**Your assignment**
The result should be the full listing copied exactly, with no pictures in it.

**Raw data**
***
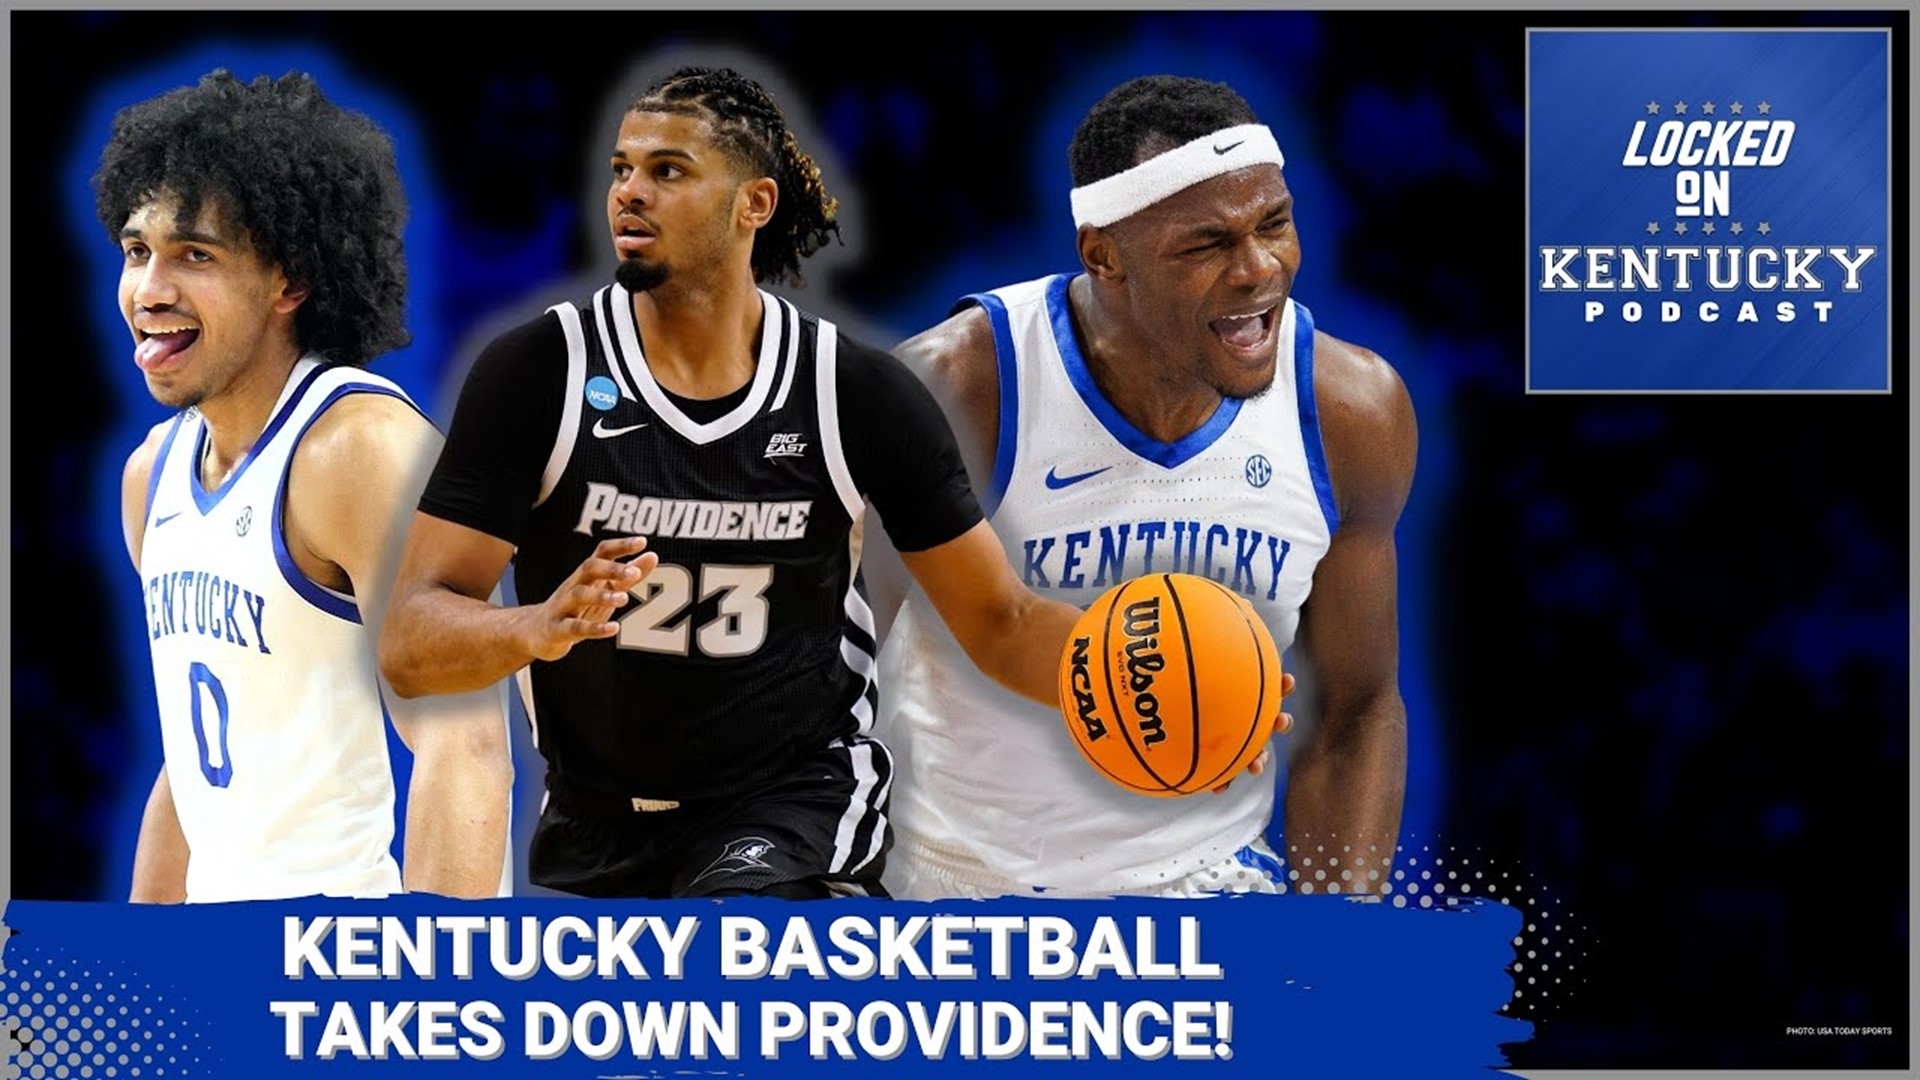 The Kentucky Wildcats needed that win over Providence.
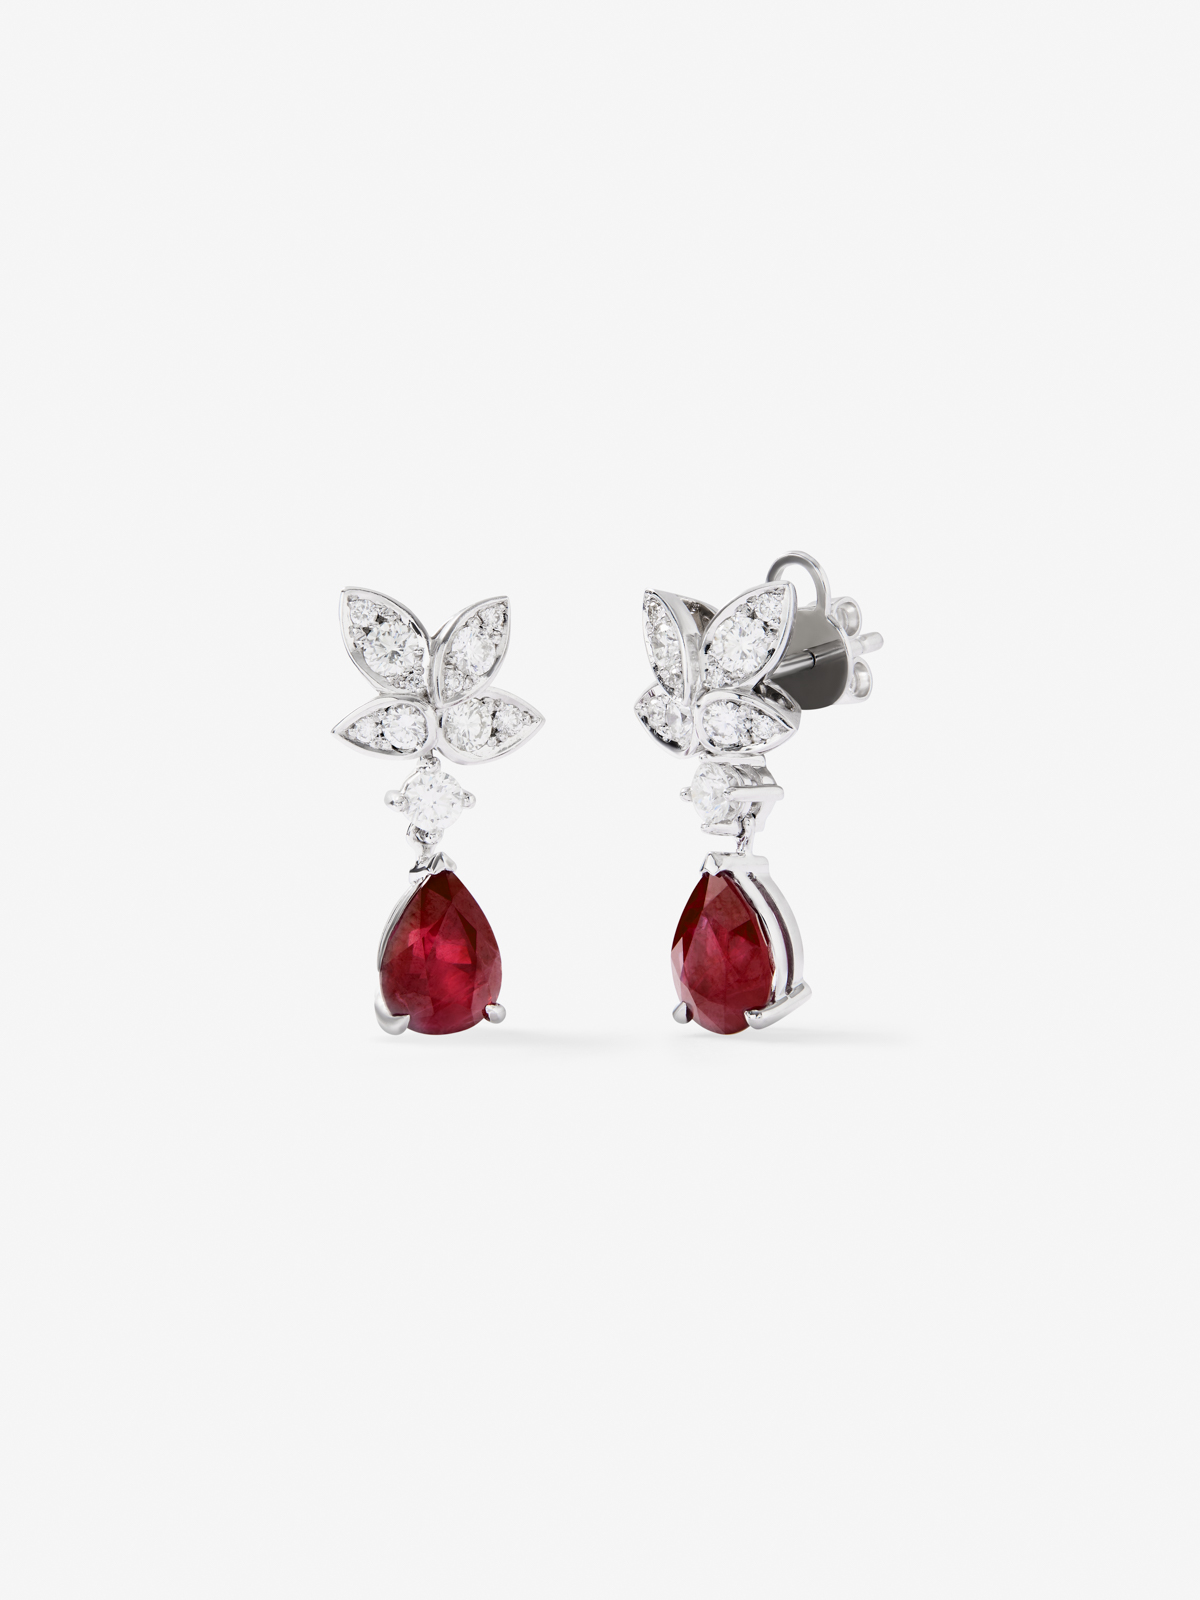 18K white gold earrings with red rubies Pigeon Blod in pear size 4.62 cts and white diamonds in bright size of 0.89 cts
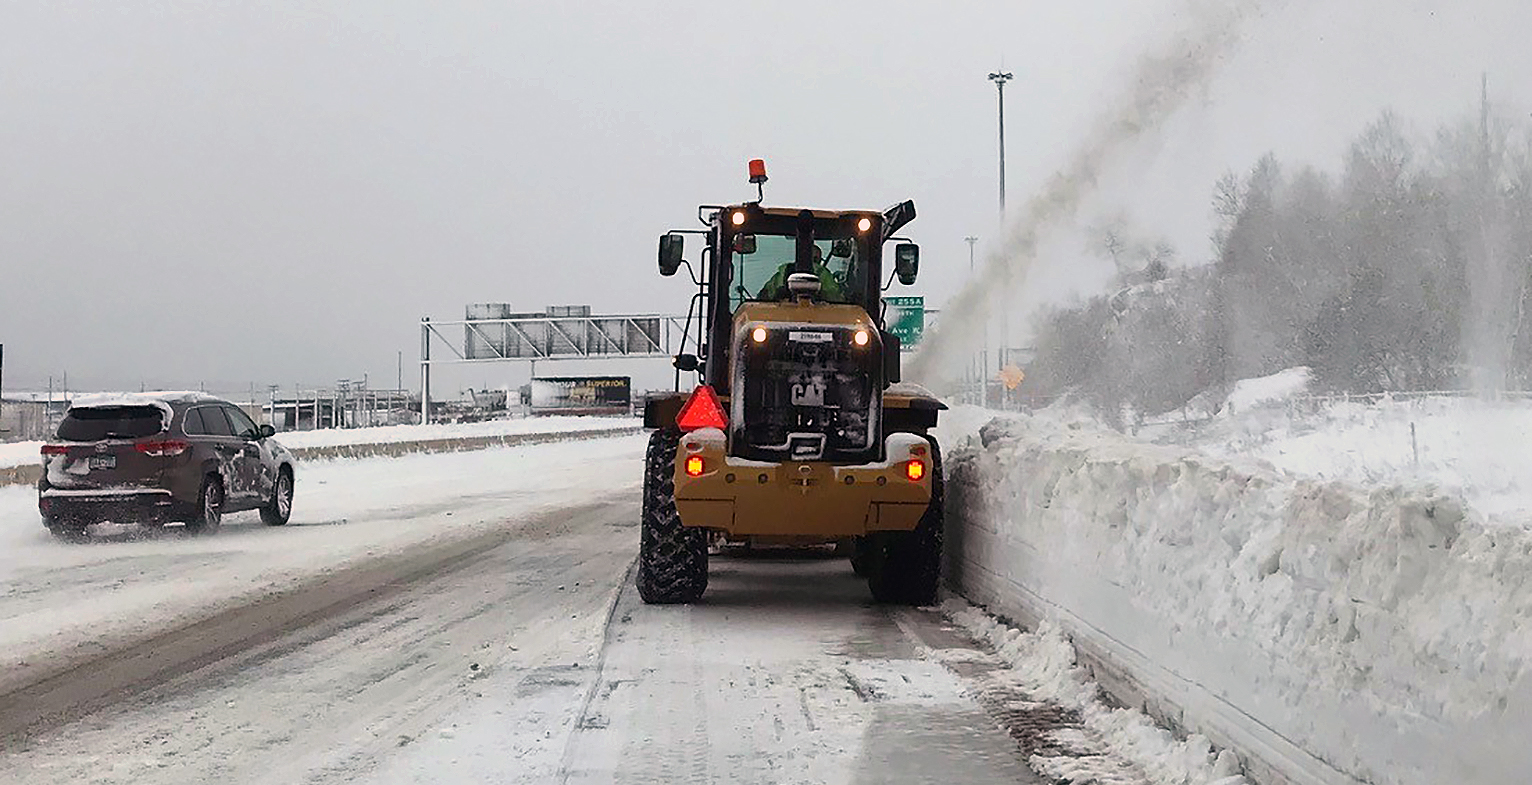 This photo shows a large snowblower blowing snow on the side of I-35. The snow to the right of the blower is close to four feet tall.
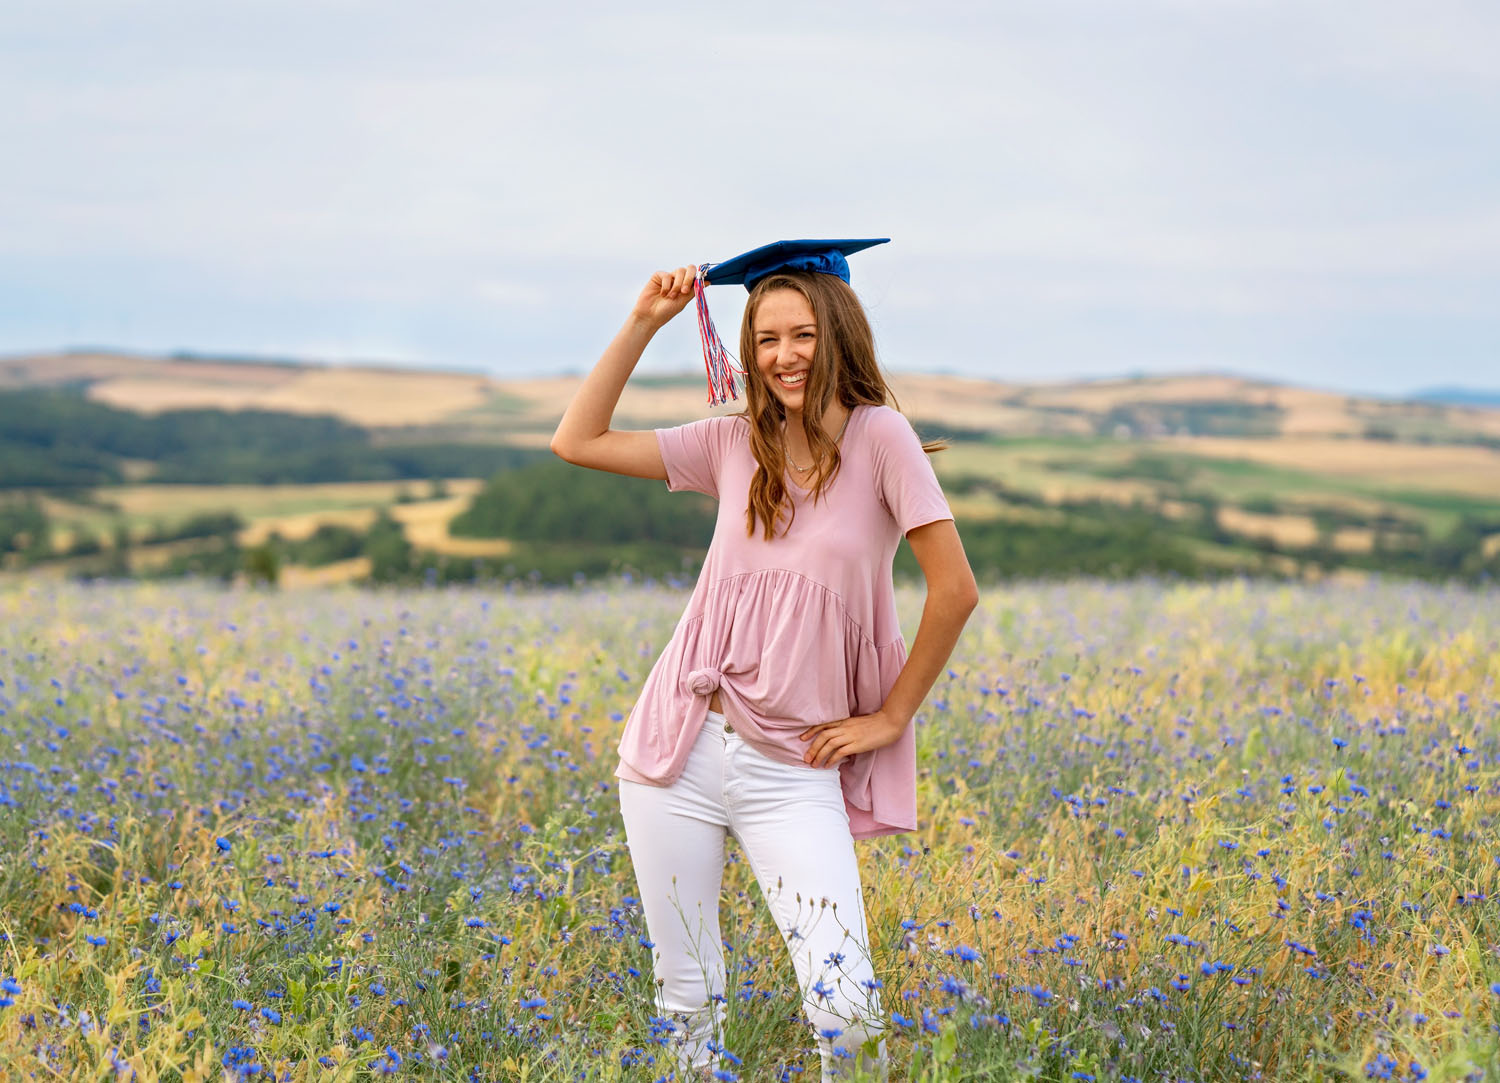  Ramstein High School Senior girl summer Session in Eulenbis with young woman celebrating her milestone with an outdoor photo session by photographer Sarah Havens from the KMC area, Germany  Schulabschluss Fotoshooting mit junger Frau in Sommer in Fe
***
**Solution**
 The Kentucky Wildcats needed that win over Providence.
 18K white gold earrings with red rubies Pigeon Blod in pear size 4.62 cts and white diamonds in bright size of 0.89 cts
 This photo shows a large snowblower blowing snow on the side of I-35. The snow to the right of the blower is close to four feet tall.
  Ramstein High School Senior girl summer Session in Eulenbis with young woman celebrating her milestone with an outdoor photo session by photographer Sarah Havens from the KMC area, Germany  Schulabschluss Fotoshooting mit junger Frau in Sommer in Fe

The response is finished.